Data segment:

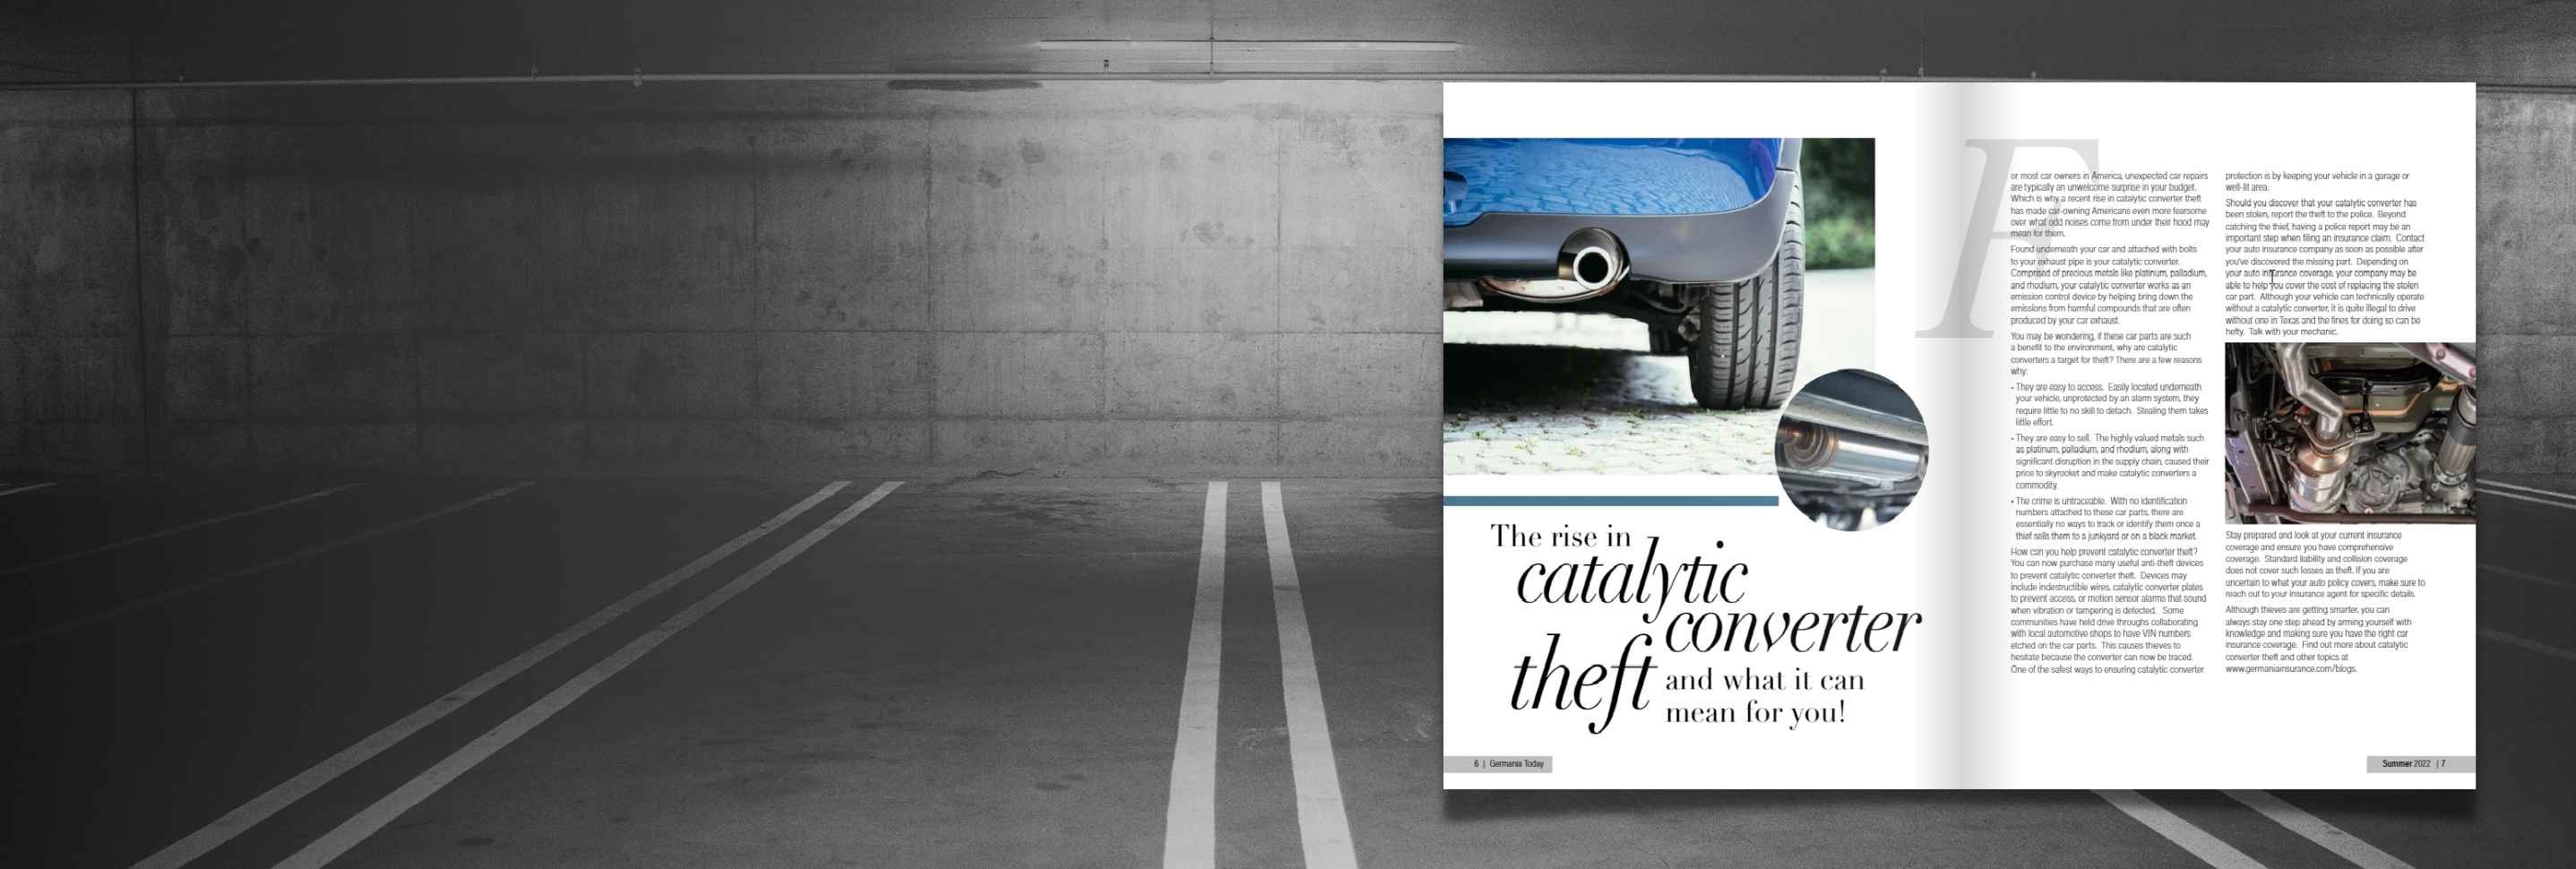 The rise in catalytic converter theft and what it can mean for you
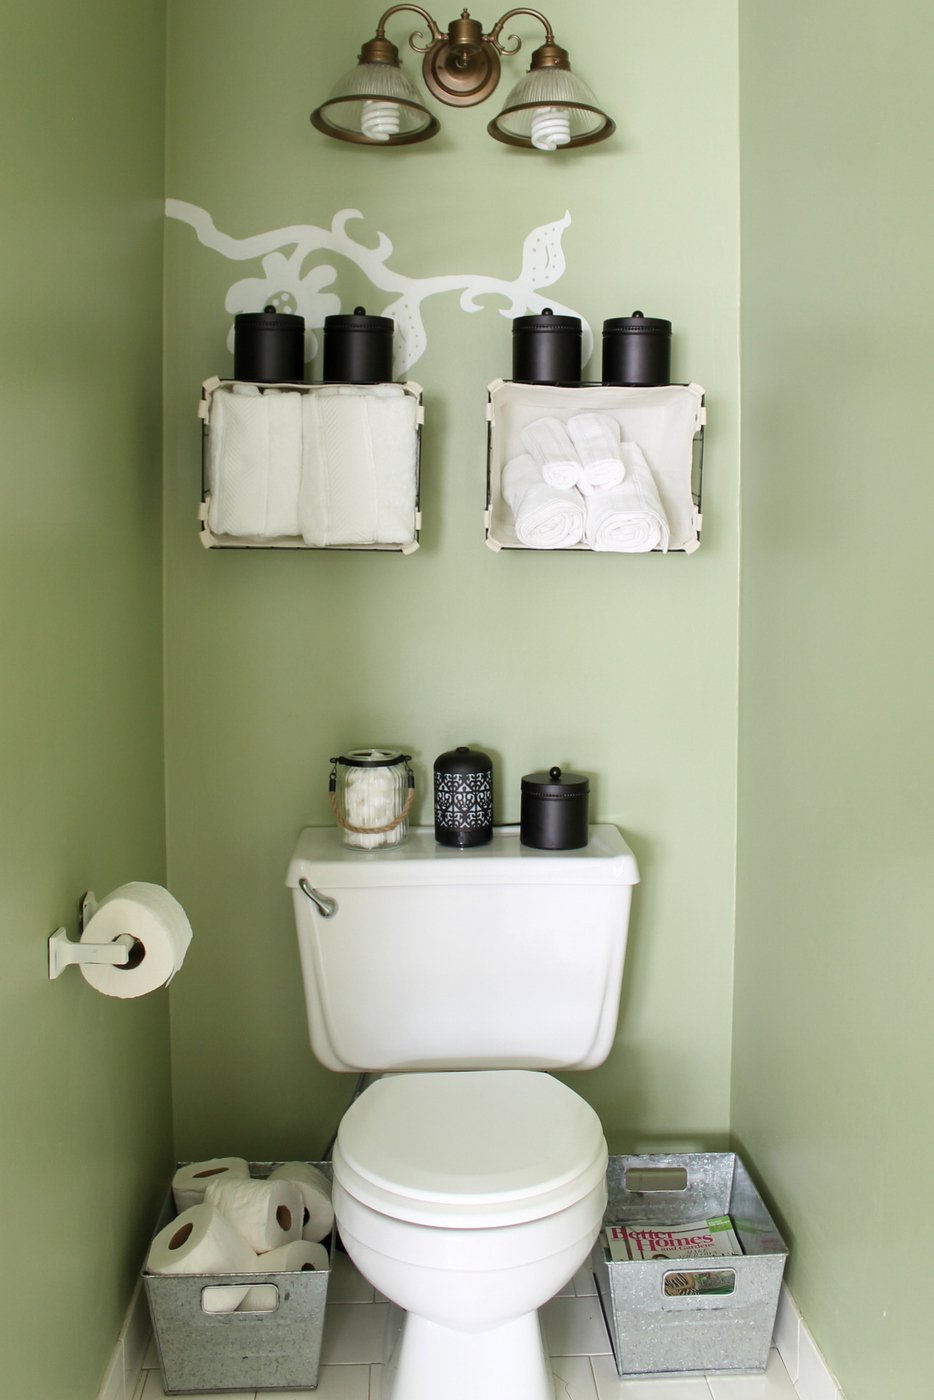 Small bathroom organization ideas that really work! Quick and easy ideas to organize your tiny bathroom in minutes!
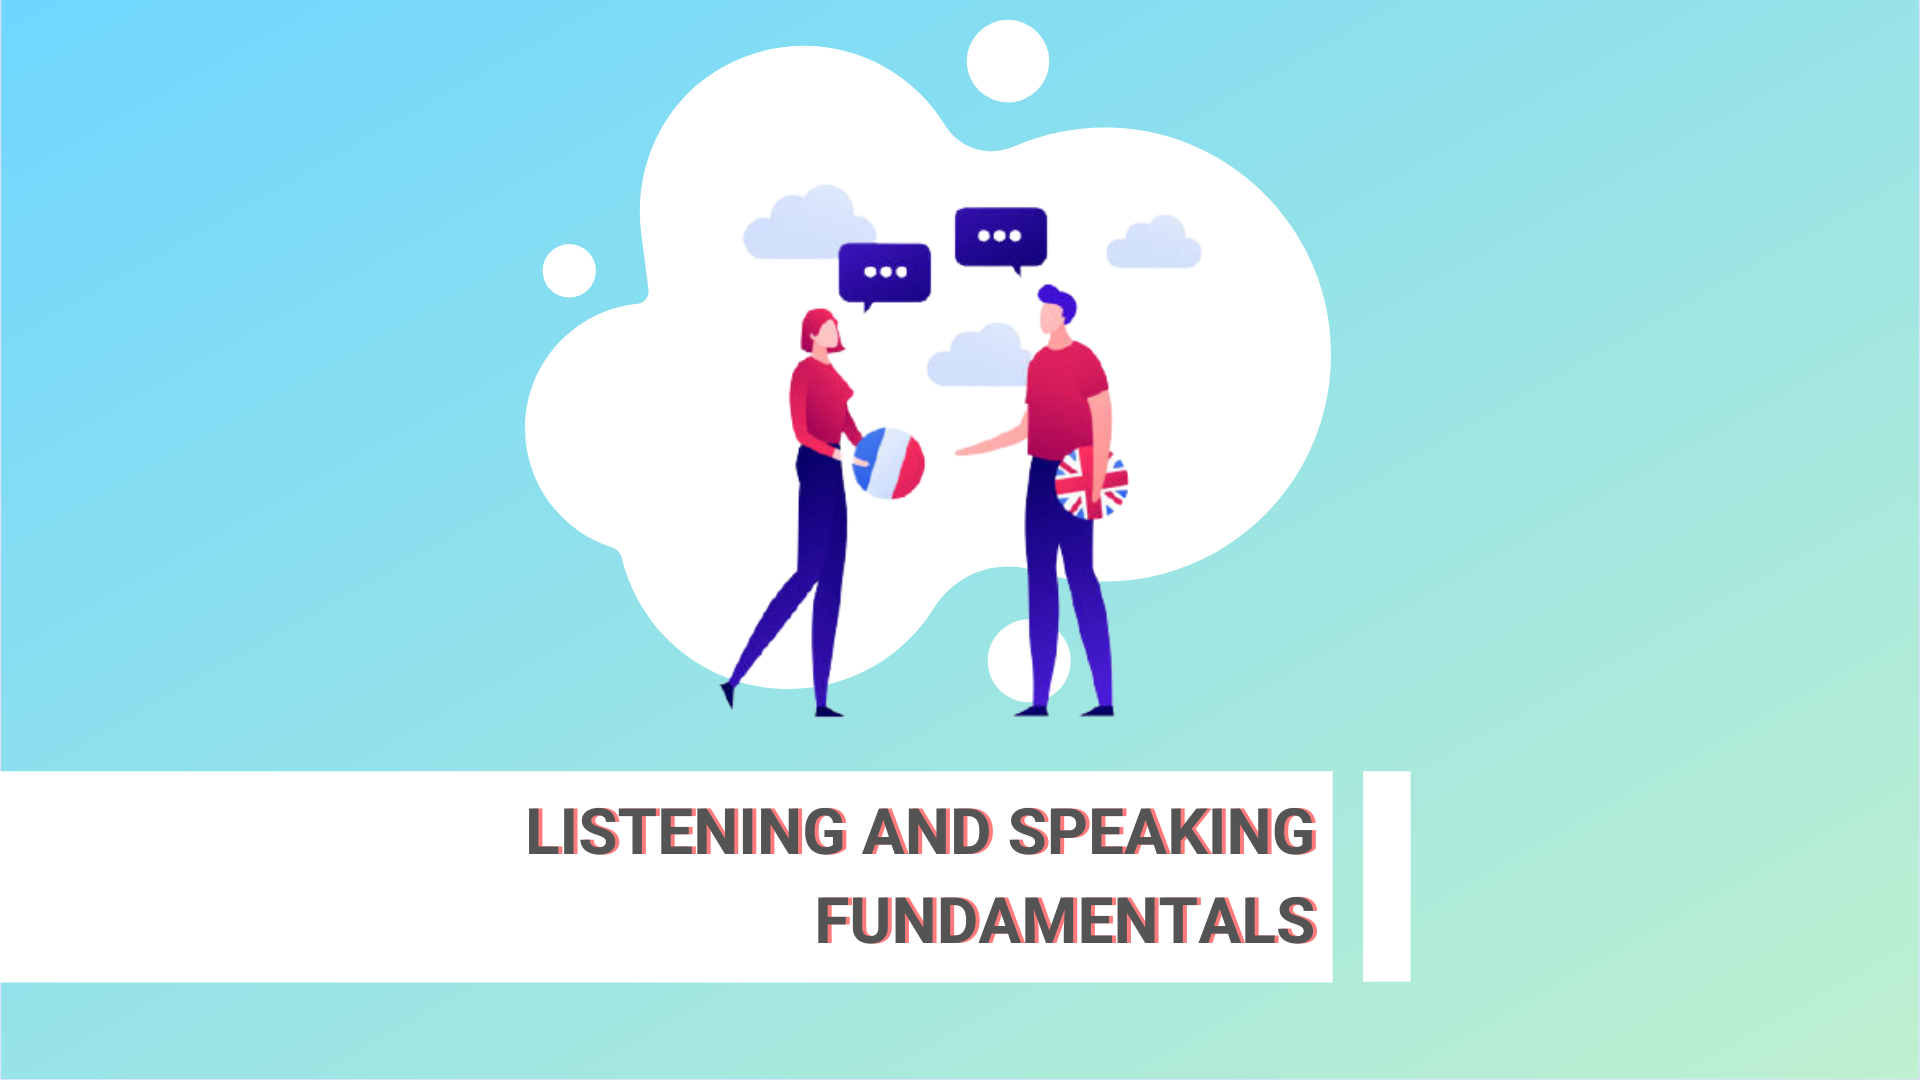 Fundamentals of listening and speaking course image
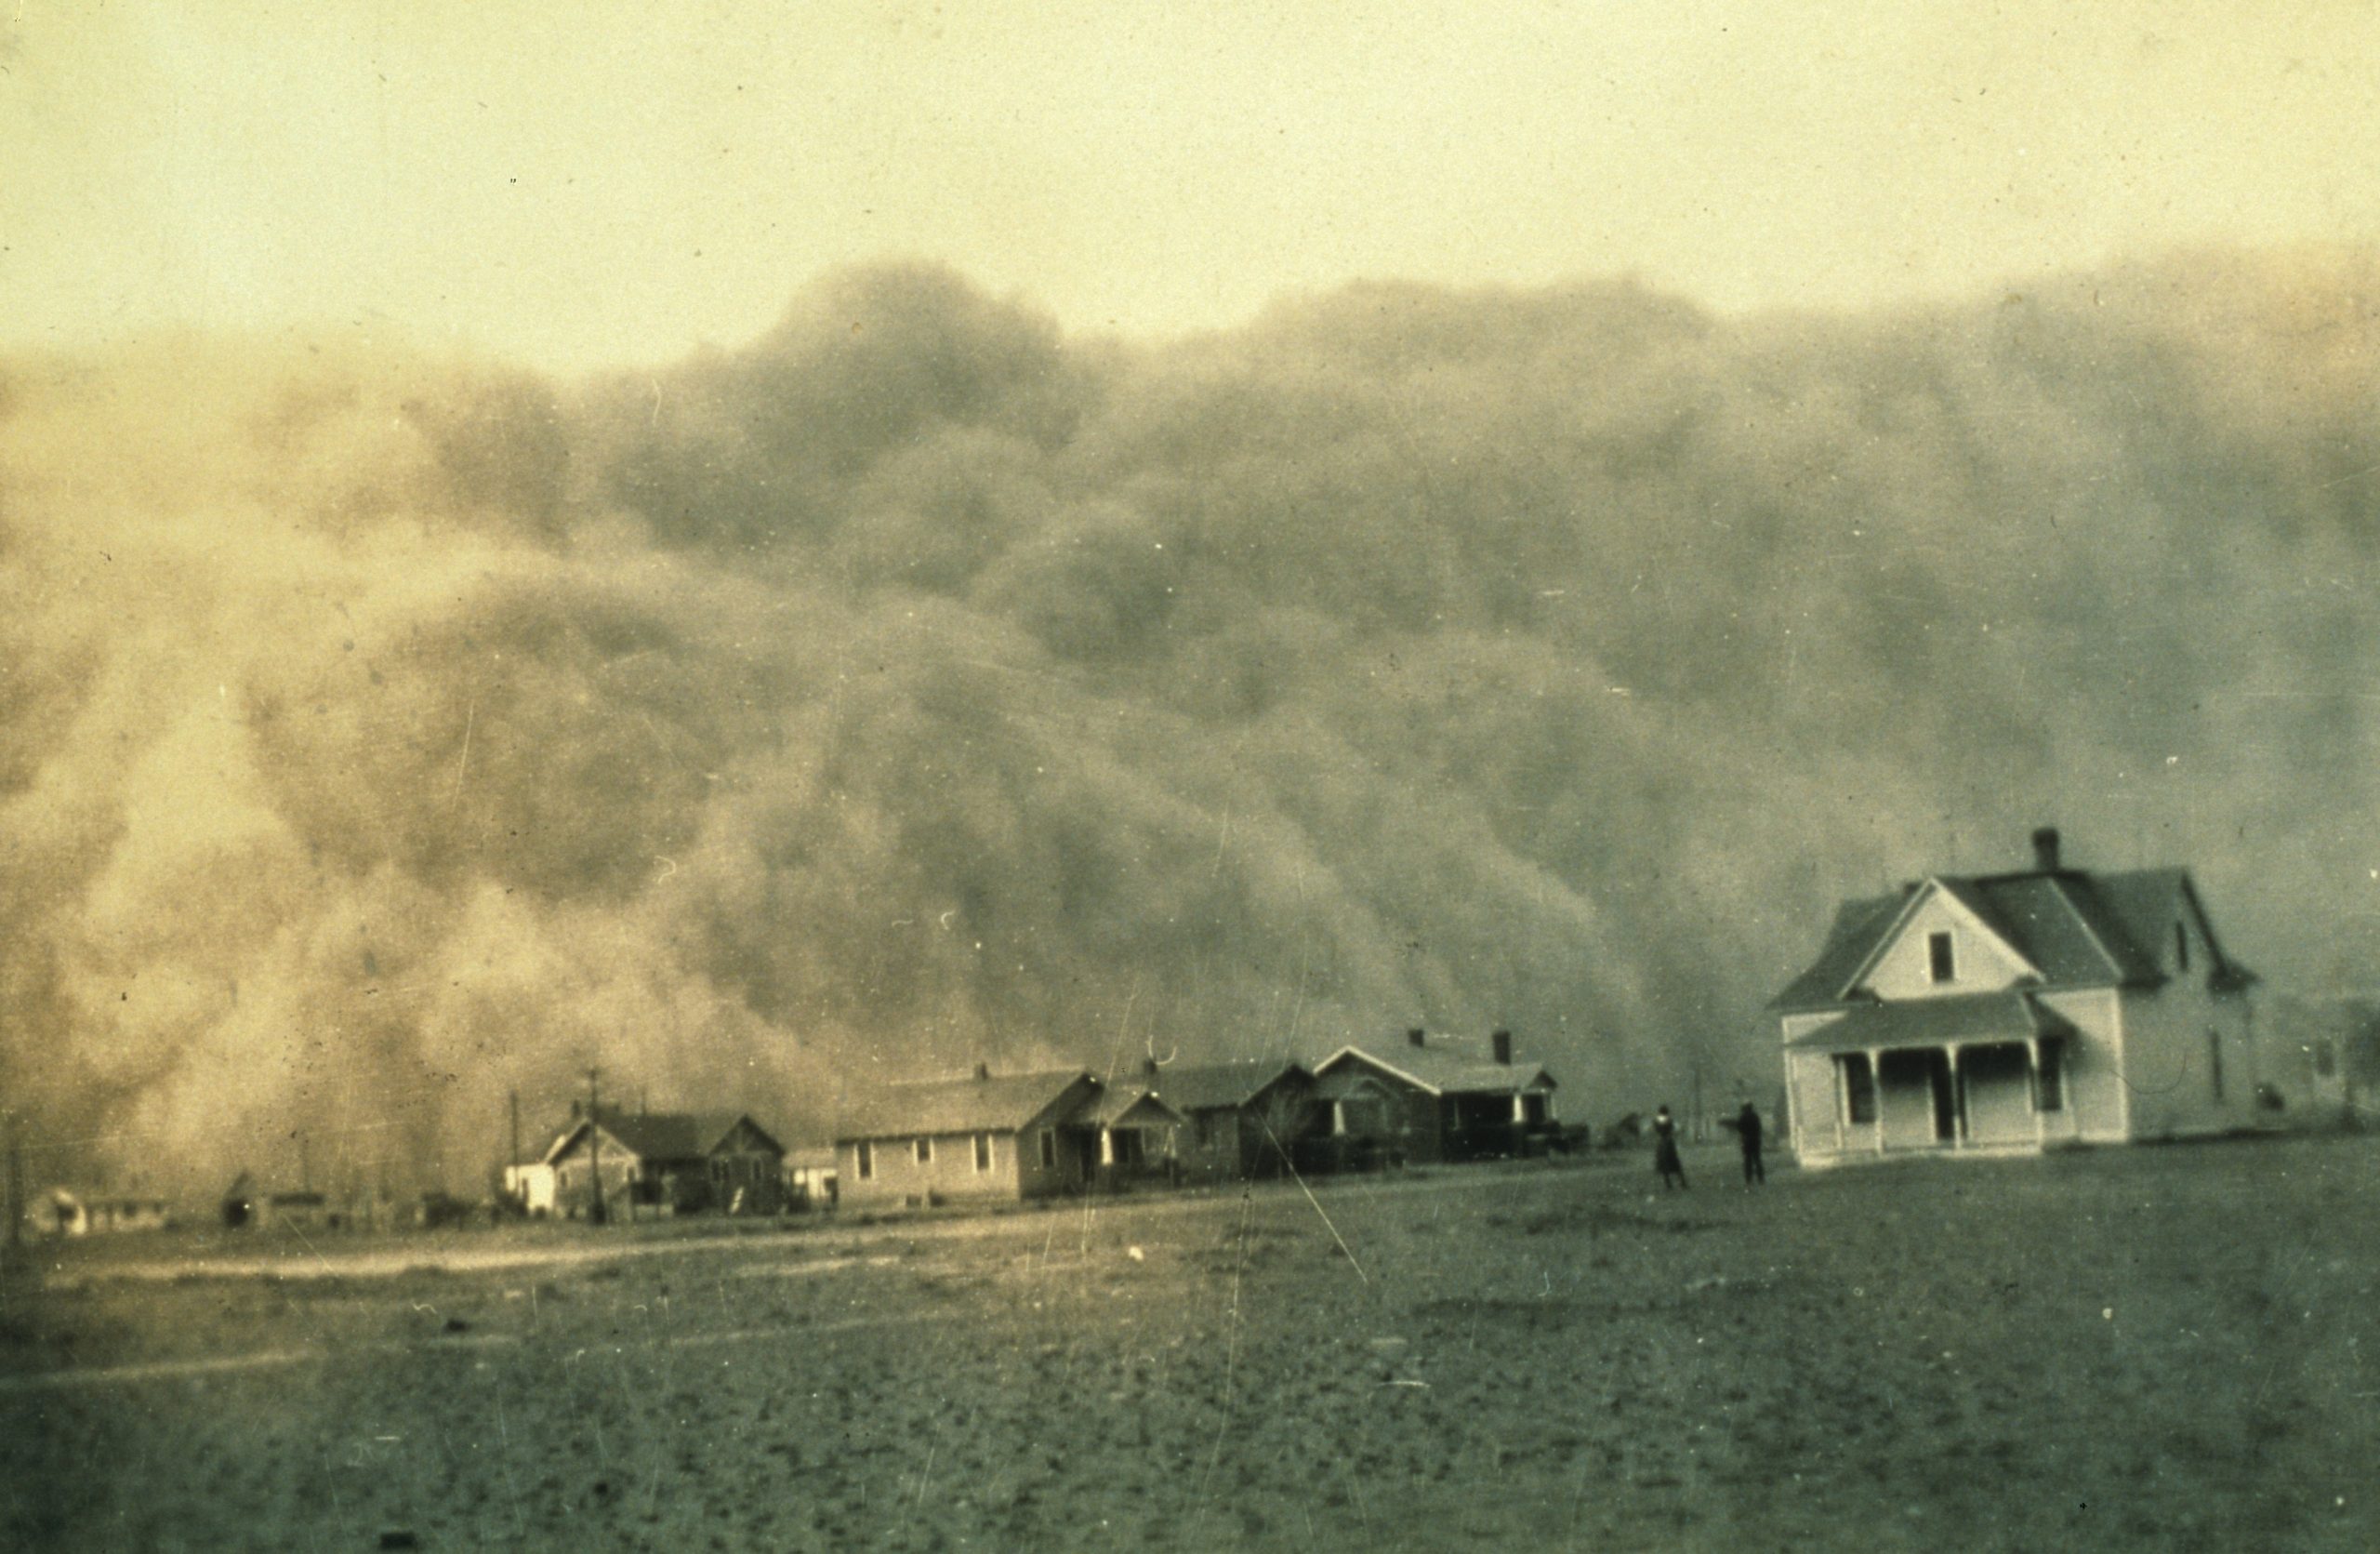 The black and white photo shows a giant wall of dust.

Exercise requirements: Please set down each line of the data above exactly as written, without the pictures.

Reply:
 The rise in catalytic converter theft and what it can mean for you
 Small bathroom organization ideas that really work! Quick and easy ideas to organize your tiny bathroom in minutes!
 Fundamentals of listening and speaking course image
 The black and white photo shows a giant wall of dust.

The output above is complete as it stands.